Directed evolution of hemeproteins for selective cyclizations

用于选择性环化的血红素蛋白的定向进化

• 批准号: 313888180
• 负责人: Dr. Grzegorz Kubik
• 金额: --
• 依托单位: Division of Chemistry and Chemical Engineering
• 依托单位国家: 德国
• 项目类别: Research Fellowships
• 财政年份: 2016
• 资助国家: 德国
• 起止时间: 2015-12-31 至 2017-12-31
• 项目状态: 已结题
• 来源: https://gepris.dfg.de/gepris/projekt/313888180?language=en
• 关键词: Directed; evolution; hemeproteins; selective; cyclizations

In summary, within this study synthetic tools for the production of a large variety of heterocyclic compounds, which are of high importance in many pharmaceutics, will be created. The principle of this method is to trap intermediate ylides with electrophiles in enzymatic heteroatom-hydrogen bond insertion of carbenoids and nitrenoids. For this, at first the required scope of insertion reactions at heteroatom-hydrogen bonds will be generated by directed evolution of Cytochrome P450. Next the enzyme variants will be further engineered to facilitate the trapping reaction, employing three different electrophilic groups. The benefits of enzymes as catalysts are defined by the high selectivity that is provided frequently and the possibility to reengineer those enzymes to obtain selectivities of choice, for example switching the selectivity from one enantiomer to the other. Furthermore mild and environment friendly reaction conditions can be applied, meaning a sustainable alternative to up to date methods. Within this project also new insights into ylide formation, stability and reactivity may be raised that allow to understand in detail how to switch reactivity. One very interesting aspect is that for some of the trapping reactions a spectroscopic high throughput assay can be set up to track the reaction. This will allow for screening of enzyme libraries containing random mutations throughout the complete amino acid sequence. Till now the investigated P450 libraries mainly focused on mutations at sites contributing to the catalytic pocket due to the lack of such an assay. So within this project completely unknown structure-activity relations within parts of P450 not contributing directly to the catalytic pocket could be disclosed.

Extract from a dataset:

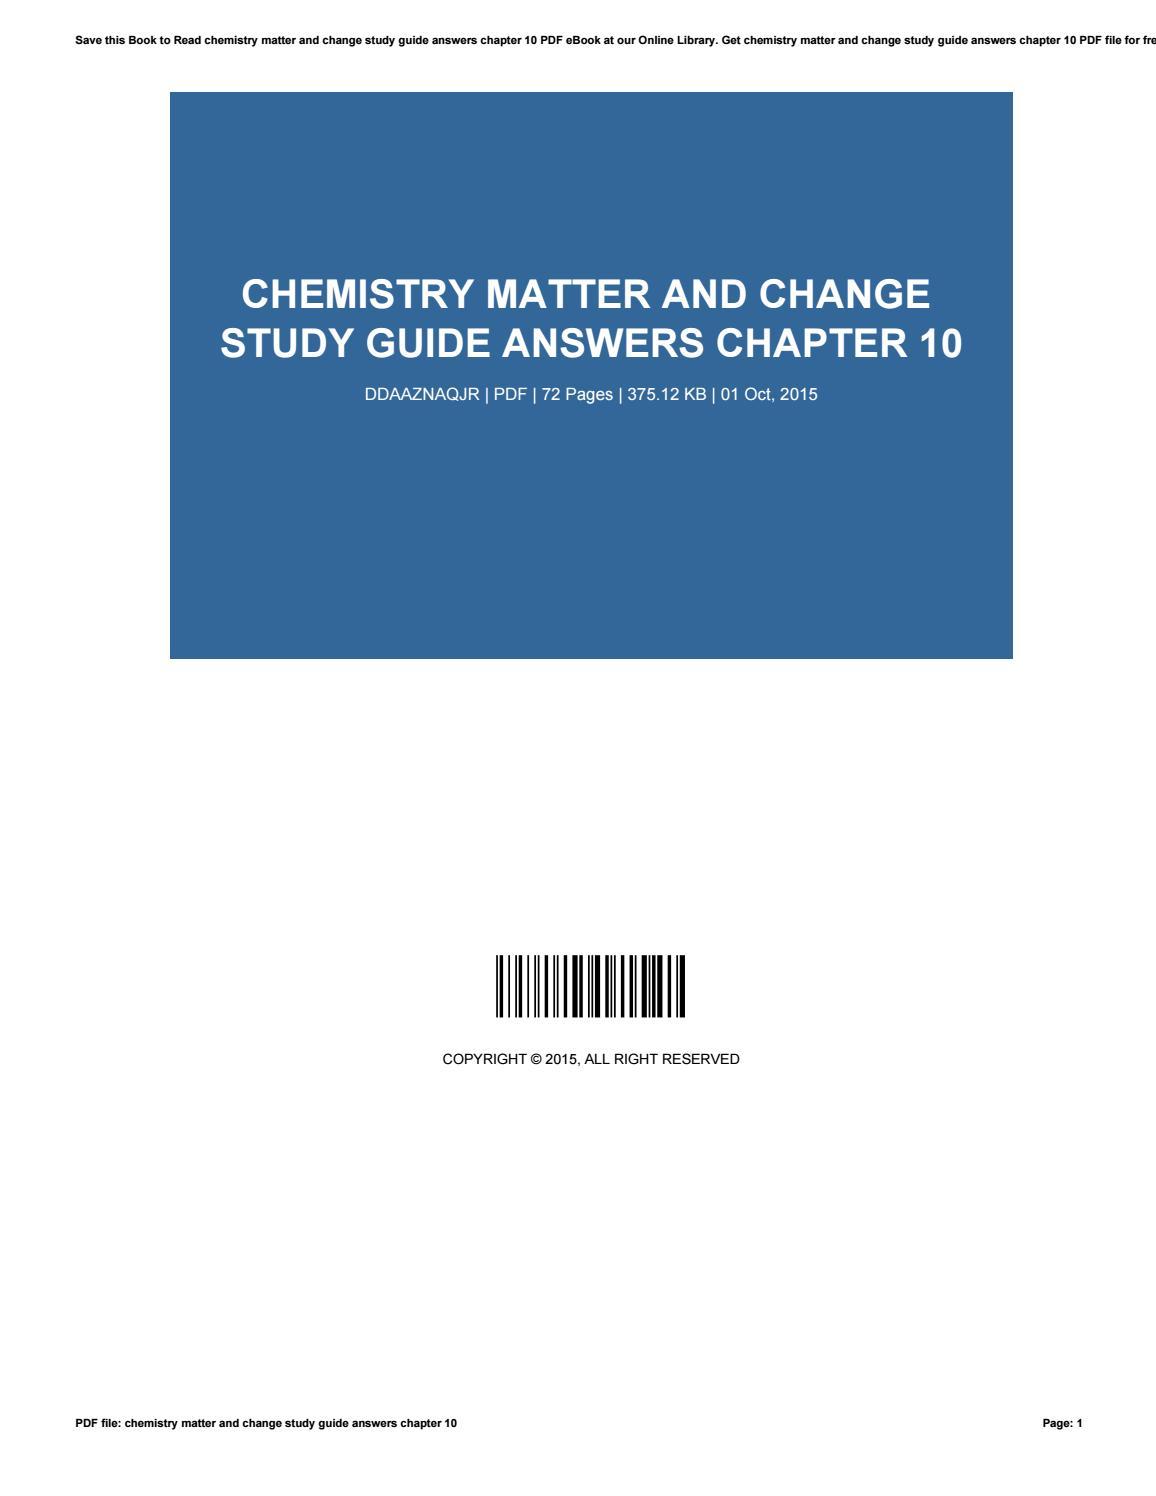 Glencoe Chemistry Matter And Change Study Guide Answer Key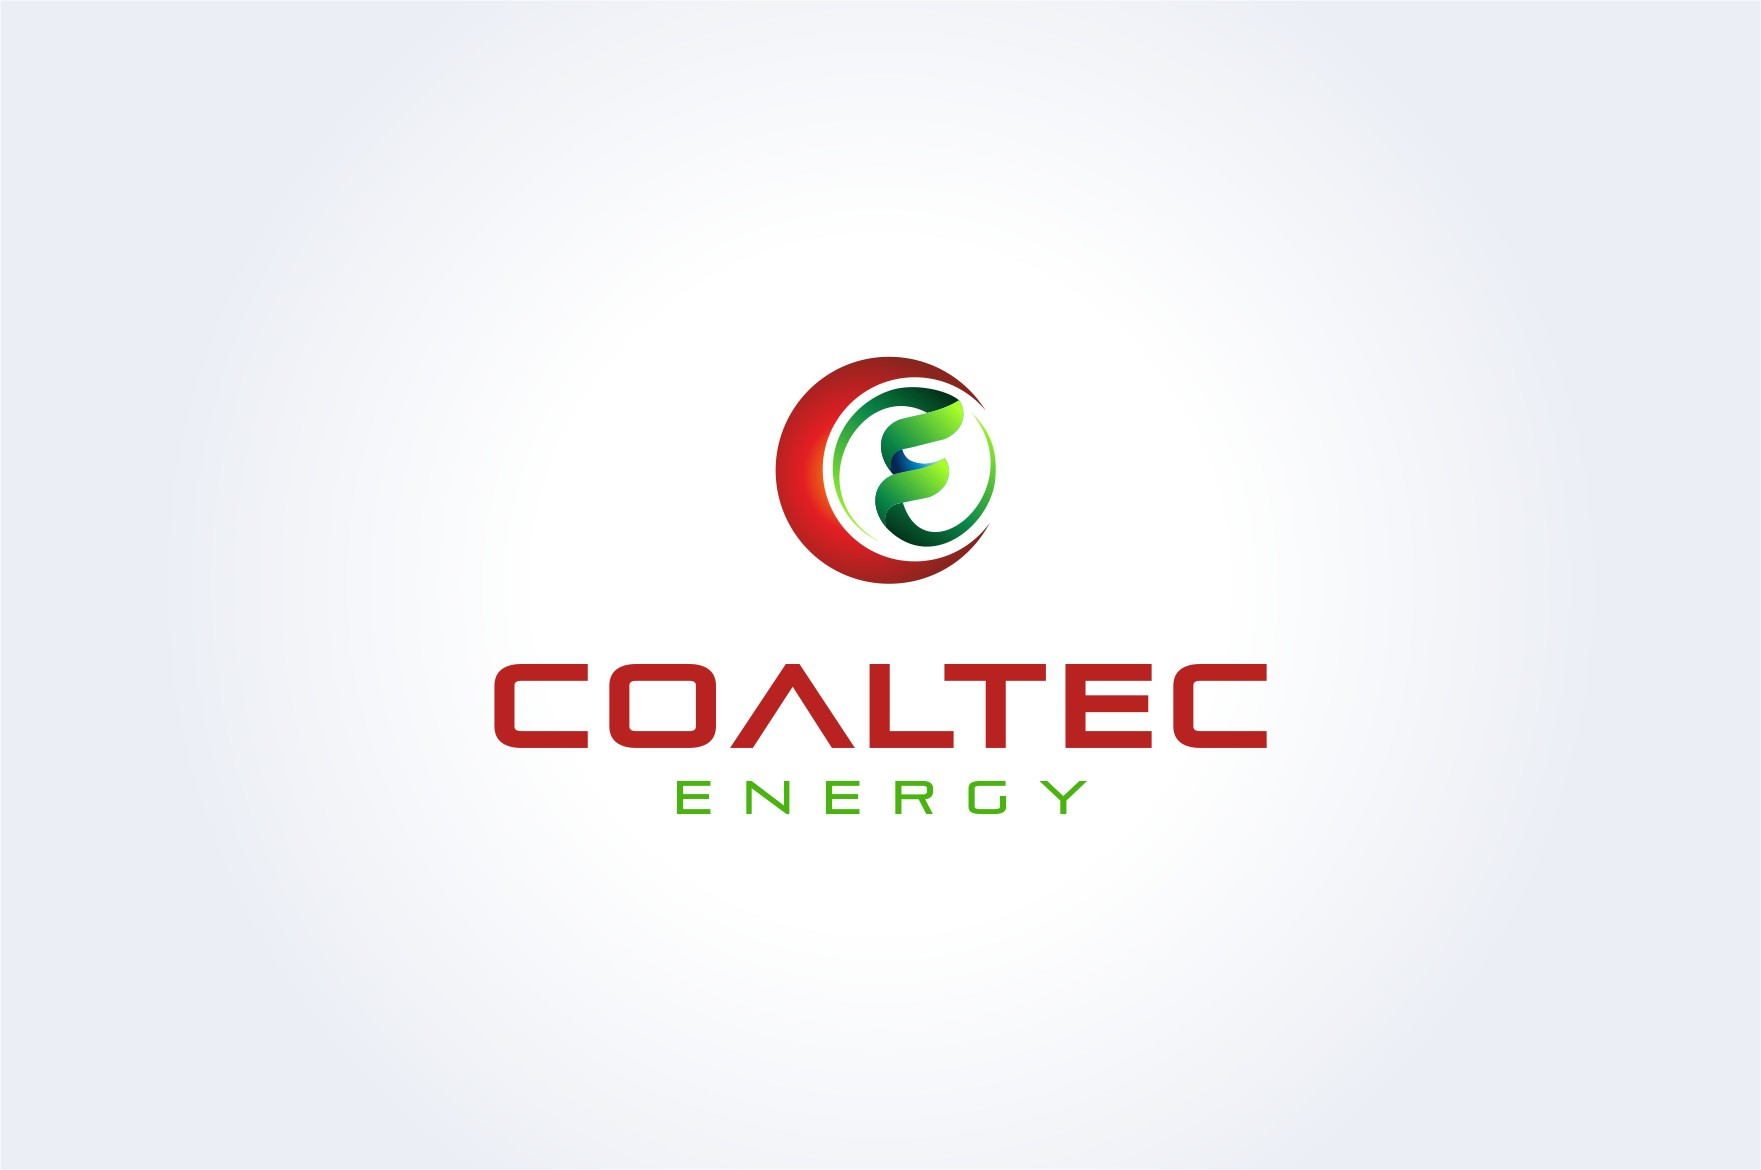 Help Coaltec Energy with a new logo

总之，在本研究中，将创建用于生产多种杂环化合物的合成工具，这些杂环化合物在许多药剂学中具有高度重要性。该方法的原理是利用亲电试剂捕获类卡宾和类氮杂环戊烯的杂原子氢键插入过程中的中间叶立德。为此，首先通过细胞色素P450的定向进化产生在杂原子-氢键处的插入反应的所需范围。接下来，酶变体将被进一步工程化以促进捕获反应，采用三种不同的亲电基团。酶作为催化剂的益处由经常提供的高选择性和重新设计这些酶以获得选择性的可能性（例如将选择性从一种对映体切换到另一种对映体）来定义。此外，可以应用温和和环境友好的反应条件，这意味着最新方法的可持续替代品。在这个项目中，还可以提出对叶立德形成，稳定性和反应性的新见解，从而详细了解如何切换反应性。一个非常有趣的方面是，对于一些捕获反应，可以建立光谱高通量测定来跟踪反应。这将允许筛选在整个完整氨基酸序列中含有随机突变的酶文库。到目前为止，研究的P450文库主要集中在对催化口袋有贡献的位点处的突变，这是由于缺乏这样的测定。因此，在该项目中，可以揭示P450部分中不直接参与催化口袋的完全未知的结构-活性关系。